The Capital Pink aims to assist you with this phase of the portfolio set up by giving you ideas of investments and general information on how to delve deeper into what you might want to put into your portfolio.
3. After you have your account(s) set up and have decided generally what your allocation of investments will be (risky v. less risky), your next step is to contribute money to your accounts regularly (perhaps each month off of your paycheque) and at the end of each year, review and rebalance. For example, let’s say you have decided to put 70% of your money in stocks and 30% in bonds. At the end of the year, your stocks have done very well and it turns out the allocation is 80% stocks and 20% bonds. You may want to stop contributing to the stocks and put your contributions into the bonds to get the allocation back to the original 70/30. This will keep your original allocation on track.

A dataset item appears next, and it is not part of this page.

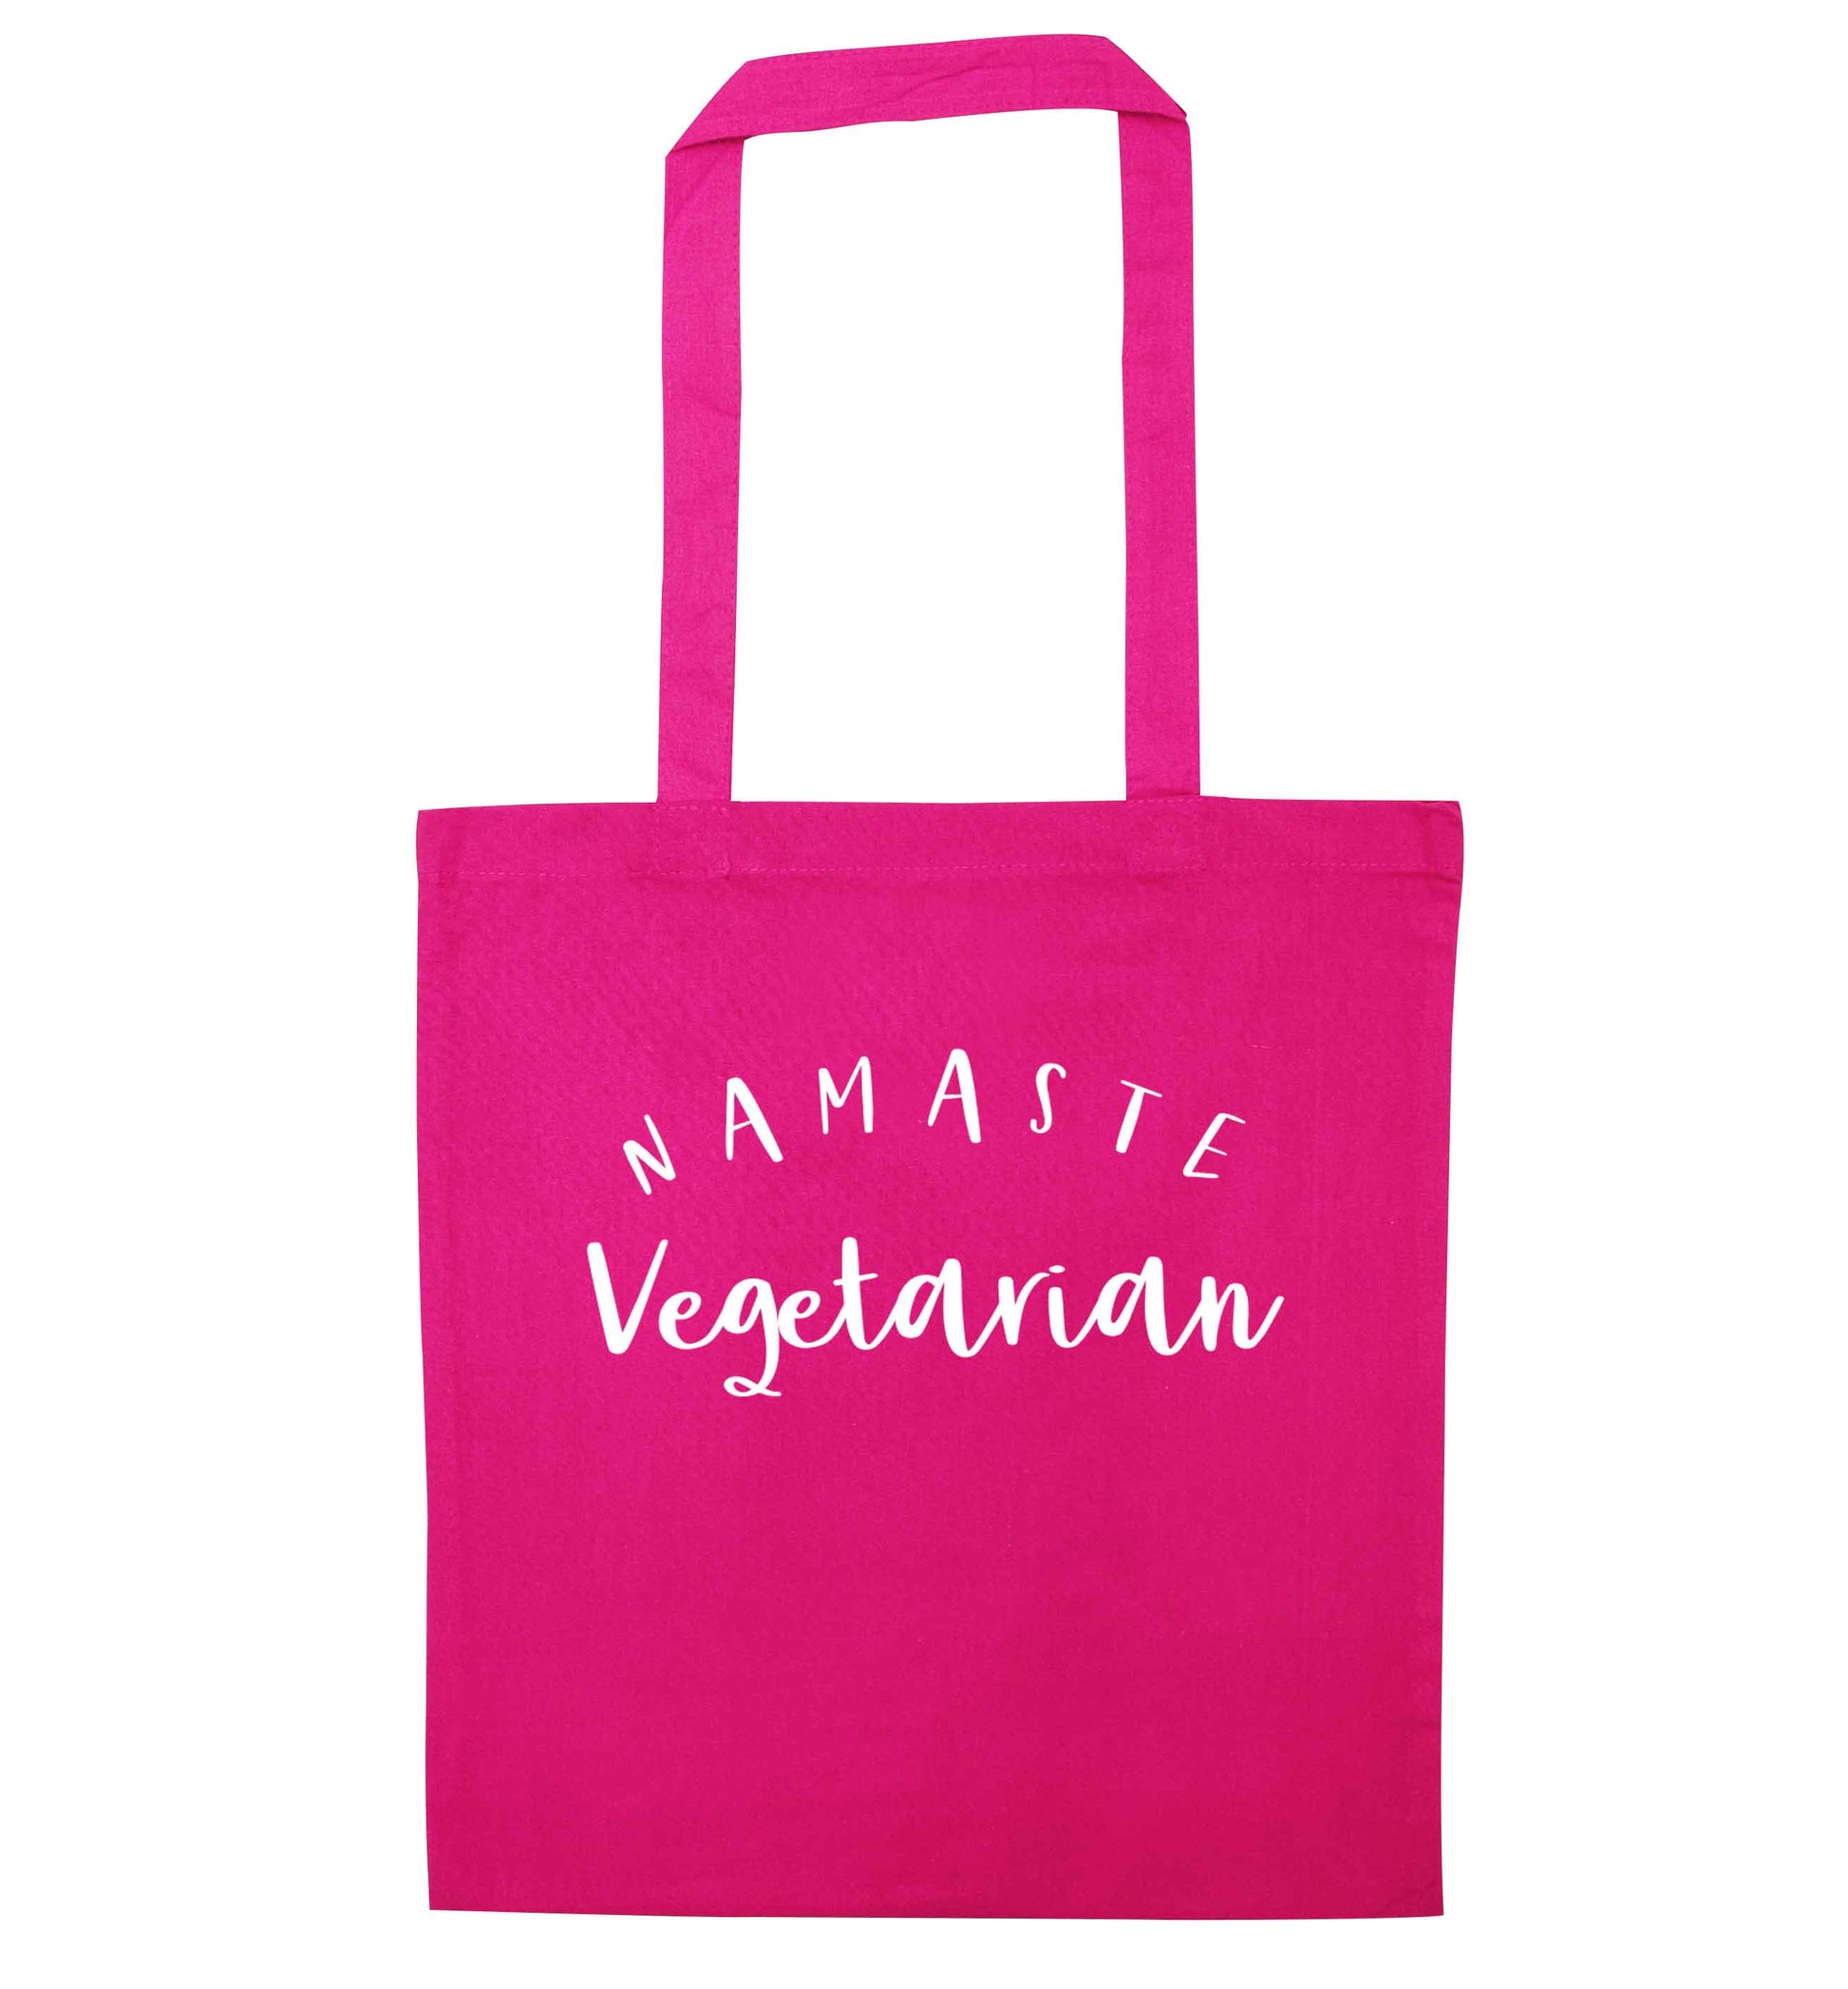 Namaste vegetarian pink tote bag

So, while the word may seem intimidating, a “portfolio” is nothing more than all of your investments put together. You can easily get going on one, if you haven’t already, by setting up the necessary accounts needed to make investments and deciding on your approach to filling it. This allows you the control over your own finances. Managing your own investment portfolio is not for everyone (read: those not interested, those overwhelmed by the thought, those with large or complicated investments, etc.) and I will do a later post on what you can or should do in that case. However, it is always a good idea for everyone to have a basic understanding of a what in fact a portfolio involves.